L'école en première ligne…
Le rôle central que doit jouer l'école, "principal lieu de l'effectivité du droit au sport et à la culture", est largement mis en valeur. En effet, alors que "le ministère [de l'Éducation nationale] lui-même convient que l'horaire moyen de l'enseignement d'EPS à l'école primaire est de l'ordre de 1h30" au lieu des 3 heures obligatoires, le rapport demande de "garantir l'effectivité des heures d'enseignement obligatoire de la pratique sportive à l'école primaire et [d']accroître le nombre d'heures dispensées au collège et au lycée".
En ce qui concerne l'éducation artistique et culturelle (EAC), le rapport souligne que les établissements les plus défavorisés sont les plus éloignés de l'objectif du "100% EAC à l'école" : 55% des collégiens en éducation prioritaire ont bénéficié d'au moins une action en la matière, contre 64% dans les autres établissements. Ici, le rapport préconise la présence d'un référent en EAC dans chaque établissement scolaire afin, entre autres, d'améliorer l'accompagnement des établissements scolaires dans la mobilisation de la part collective du pass Culture.
… les activités périscolaires en soutien
Complémentaires des activités scolaires, les activités périscolaires "ont connu un développement important, notamment du fait de la réforme des rythmes scolaires et la fréquentation des temps périscolaires, qui proposent aux élèves des activités de loisirs éducatifs". Toutefois, "le taux de fréquentation des accueils périscolaires diffère selon le lieu de vie et l'environnement social et familial de l'enfant". Par ailleurs, "la qualité du contenu des loisirs éducatifs proposés, leur adaptation à l'âge des enfants accueillis et les conditions de leur accueil" diffèrent selon les territoires.
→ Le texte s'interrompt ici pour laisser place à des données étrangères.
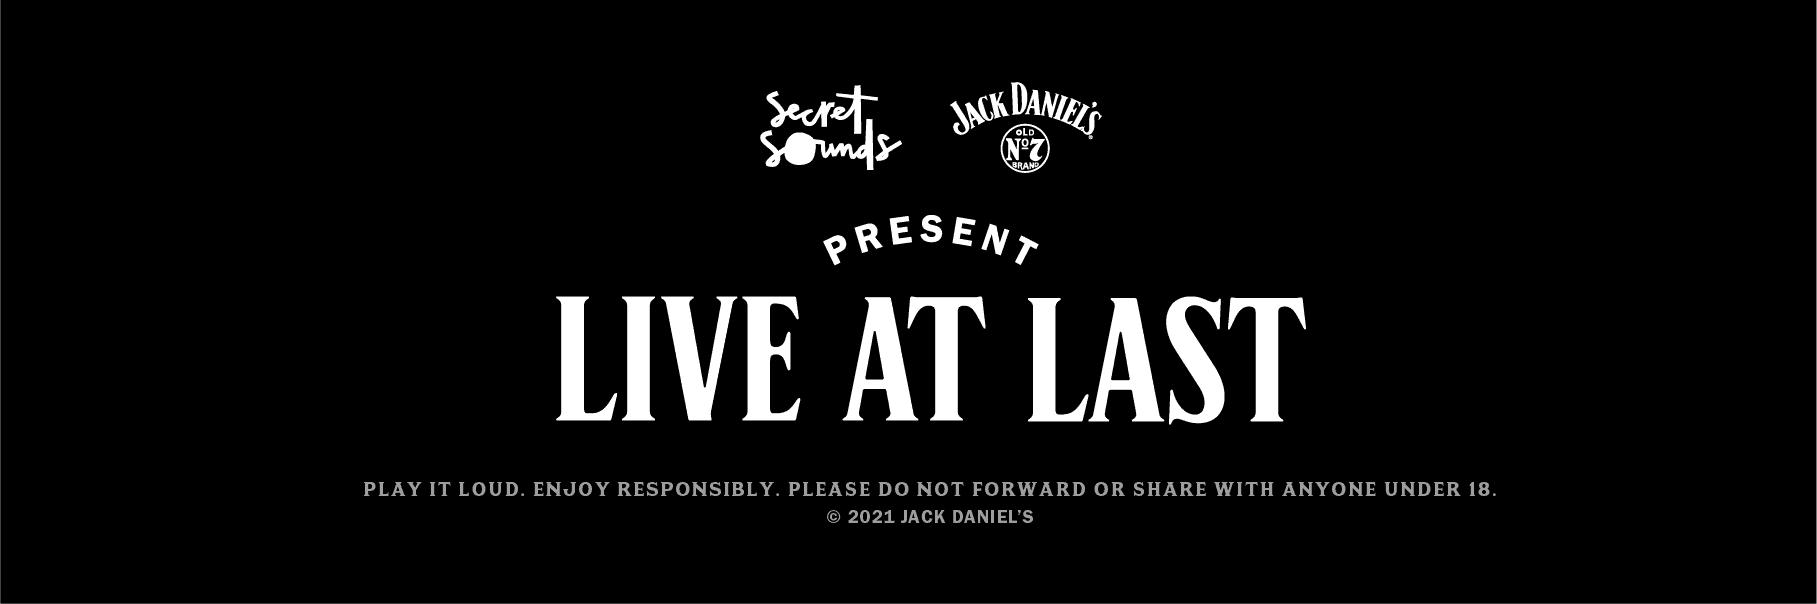 Scene News: Jack Daniel's LIVE AT LAST - Brisbane show announced. Presented by Secret Sounds.

Le rapport affirme même que "s'ils sont de mauvaise qualité, ces temps peuvent alors devenir anxiogènes".
La recommandation du rapport prend alors des allures de synthèse : "Consacrer dans la loi l'obligation, pour les collectivités territoriales, d'établir un projet éducatif territorial [PEDT, actuellement facultatif, ndlr] pour organiser des activités périscolaires adaptées aux spécificités locales, accessibles financièrement pour les familles, permettant l'inclusion de tous les enfants et dont la qualité d'accueil garantit leur épanouissement par le recrutement de personnels dûment formés à cet effet."
Aménager les cours d'école
Au chapitre de l'aménagement des écoles cette fois, les collectivités territoriales sont encore invitées à conduire, en lien avec les élèves, un travail de réaménagement des cours de récréation pour permettre une mobilité et des usages mixtes et garantir la présence d'espaces et d'équipements adaptés à des pratiques physiques et sportives variées. Le rapport demande aussi d'adapter l'espace public à l'exercice d'activités physiques et sportives en développant un urbanisme propice aux déplacements actifs et de faciliter l'accès à pied et à vélo des enfants à l'école en développant des zones piétonnes sécurisées à proximité des établissements scolaires.
Parmi les autres recommandations du rapport – qui en compte trente –, on note la volonté de développer l'éveil culturel, artistique et moteur des tout-petits dans les Maisons des 1.000 premiers jours ou dans les lieux de loisirs, culturels et sportifs (bibliothèques, ludothèques, musées, opéras, conservatoires, piscines, gymnases, etc.), et d'assurer le financement public des associations réalisant des interventions ludiques et artistiques auprès des enfants malades et hospitalisés.